A friend recently wrote about Peter Maurin, one of the co-founders of the Catholic Worker movement, and posted one of Maurin’s Easy Essays. As a fan of Maurin, I appreciated that. I have long been a fan of Maurin.
Some background.
Peter Maurin was born in France in 1877. He wandered from job to job and vocation to vocation for many years, even tried homesteading in Canada, and eventually emigrated to the United States. He had drifted away for the Catholic Church, but in the 1920’s, inspired by St. Francis of Assisi, he returned to the faith and started trying to live in a Franciscan way. He also read extensively - including works by G. K. Chesterton - and began promoting his thoughts about how to live as Christians in the world, expressing his ideas in a poetic form in what became known as “Easy Essays.”
He met Dorothy Day in 1932, and with her founded the Catholic Worker movement. His Easy Essays were featured in the Worker newspaper, the Catholic Worker.
Maurin died in 1949. But his Easy Essays have been collected. I own one collection put out by the Catholic Worker years ago. I also own a more comprehensive recent collection, The Forgotten Radical Peter Maurin: Easy Essays from the Catholic Worker, edited by Lincoln Rice. (I also have two biographies of him, one by Arthur Sheehan, and one by Marc Ellis.) I even briefly served on the live-in staff at a Catholic Worker House!

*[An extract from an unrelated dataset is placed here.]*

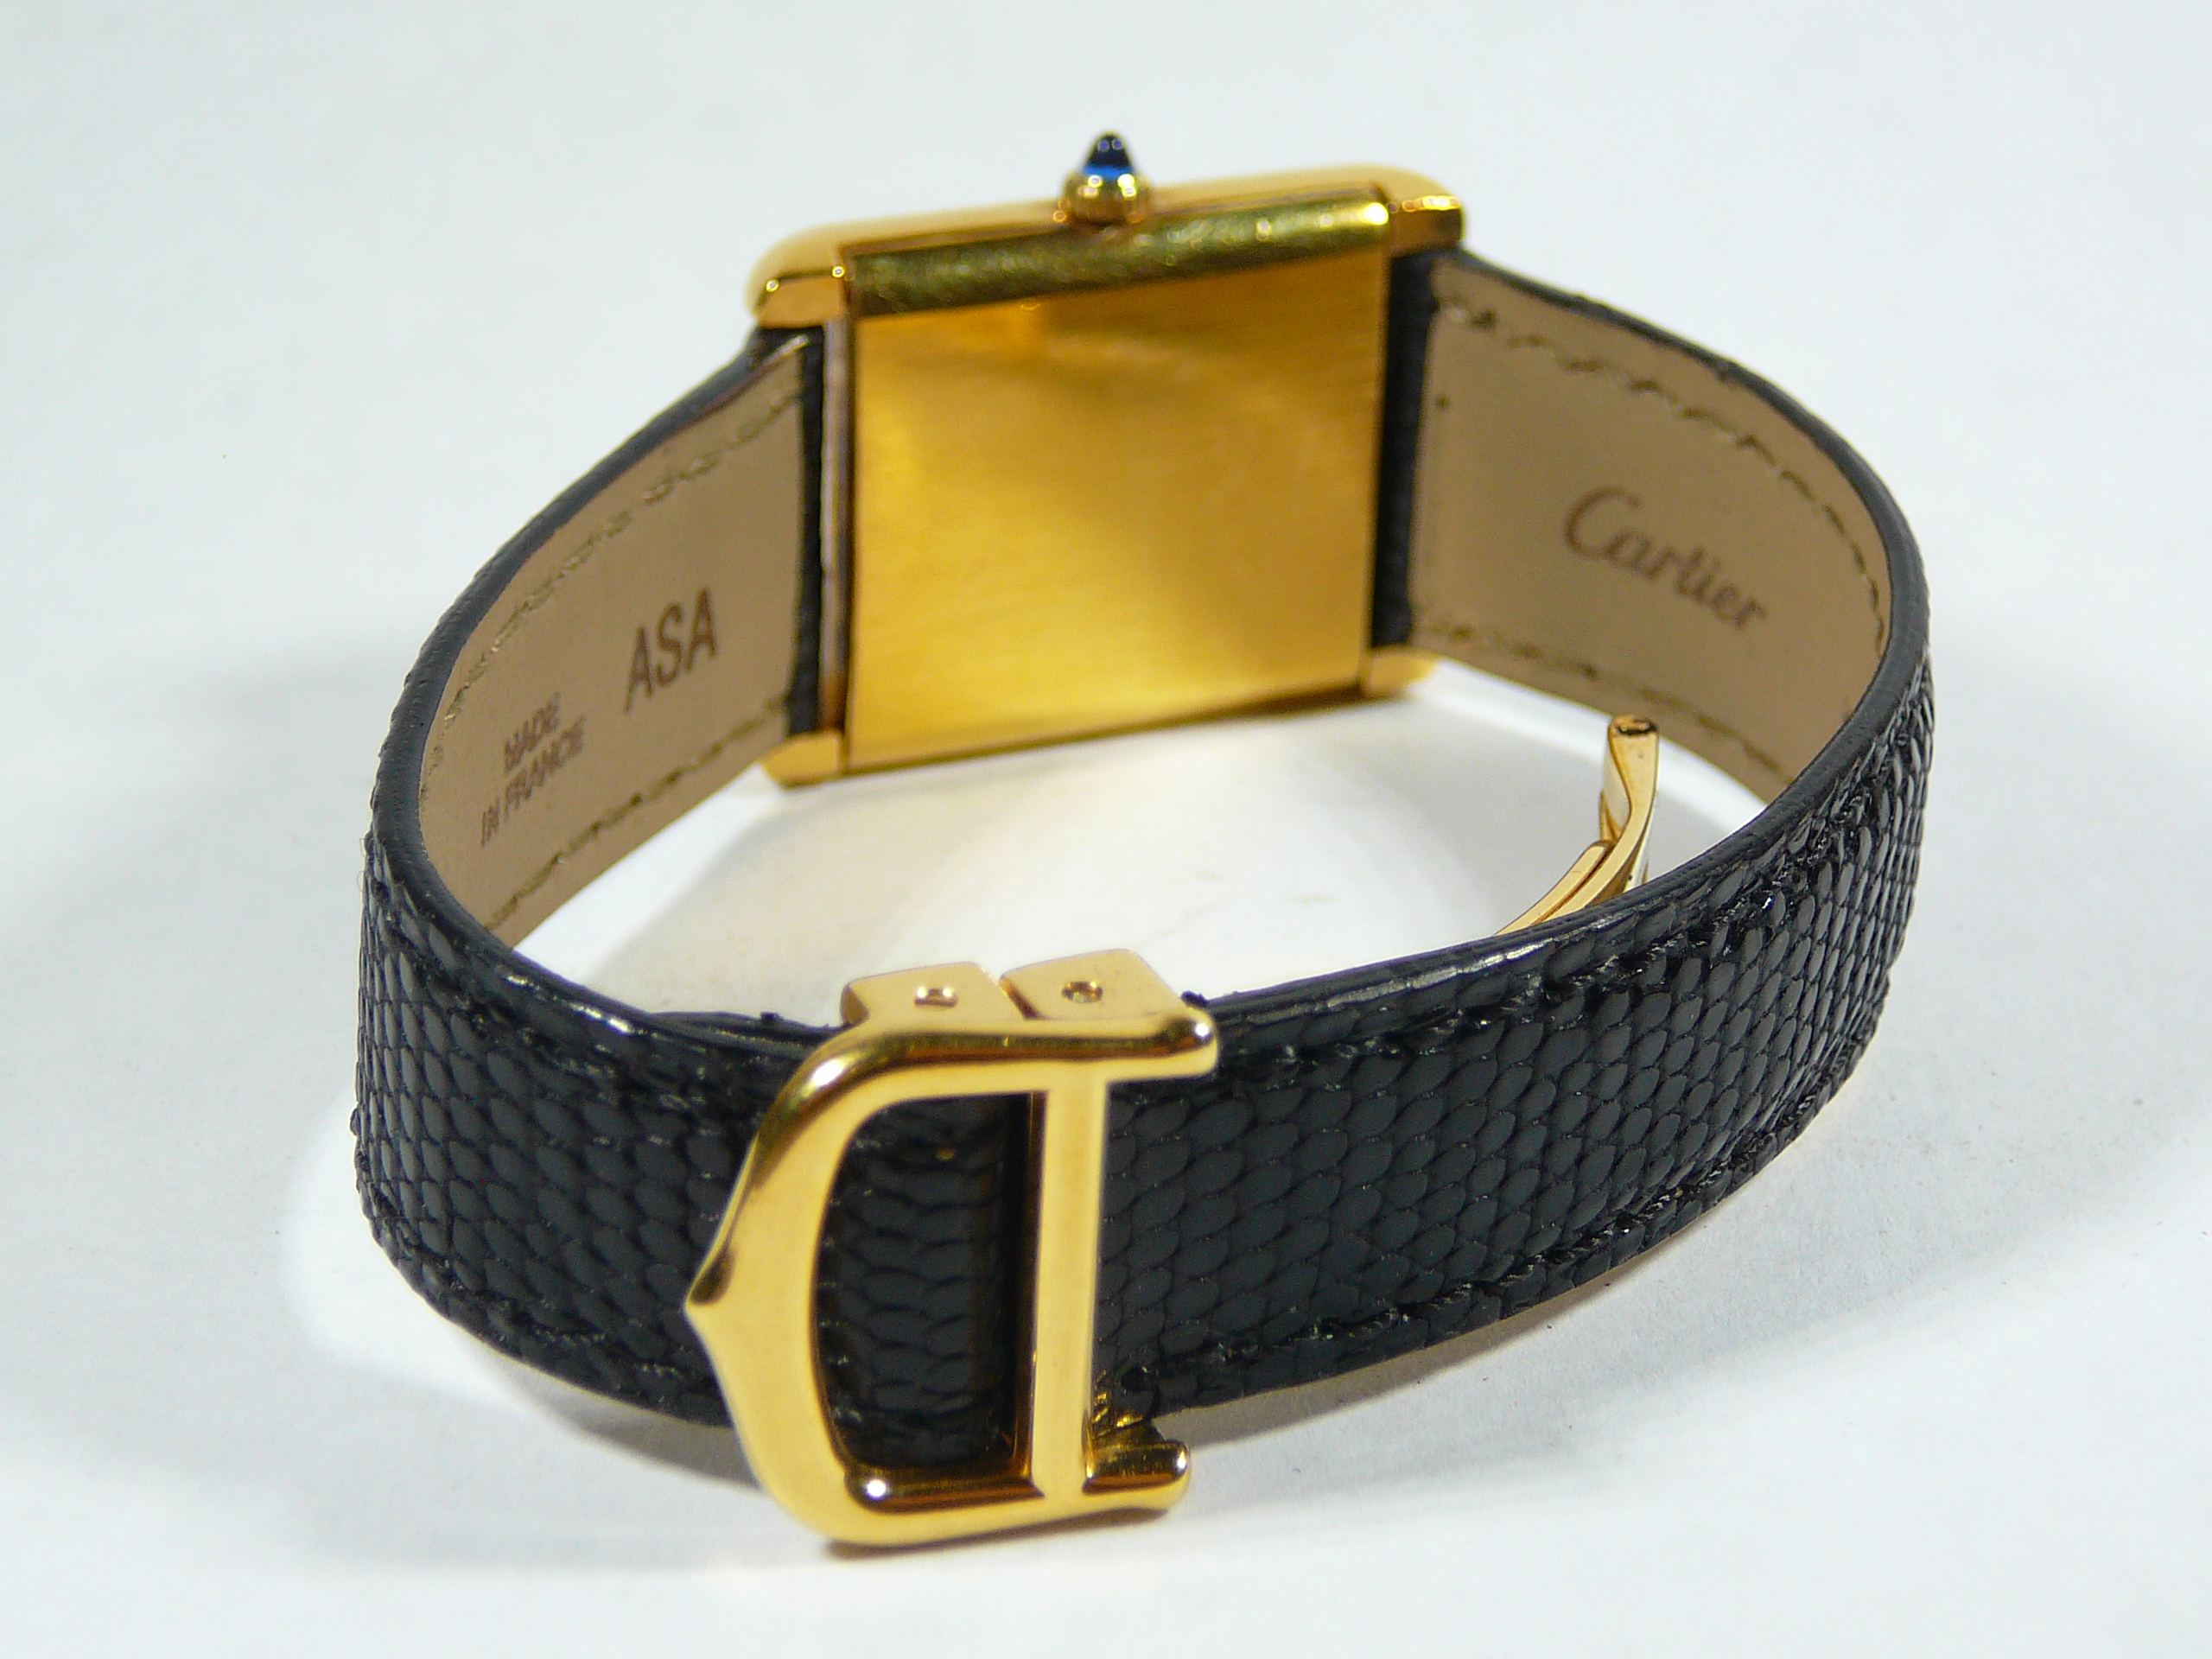 Ladies Cartier Wrist Watch - Image 3 of 3

Maurin believed in the power of the Church to bring about change in the world, but noted that that power was not being used. One of his Easy Essays was about that problem.
BLOWING THE DYNAMITE
Writing about the Catholic Church,
a radical writer says:
“Rome will have to do more
than to play a waiting game;
she will have to use
some of the dynamite
inherent in her message.”
To blow the dynamite
of a message
is the only way
to make the message dynamic.
If the Catholic Church
is not today
the dominant social dynamic force,
it is because Catholic scholars
have failed to blow the dynamite
of the Church.
Catholic scholars
have taken the dynamite
of the Church,
have wrapped it up
in nice phraseology,
placed it in an hermetic container
and sat on the lid.
It is about time
to blow the lid off
so the Catholic Church
may again become
the dominant social dynamic force.
I’ll post more of his Easy Essays in the future.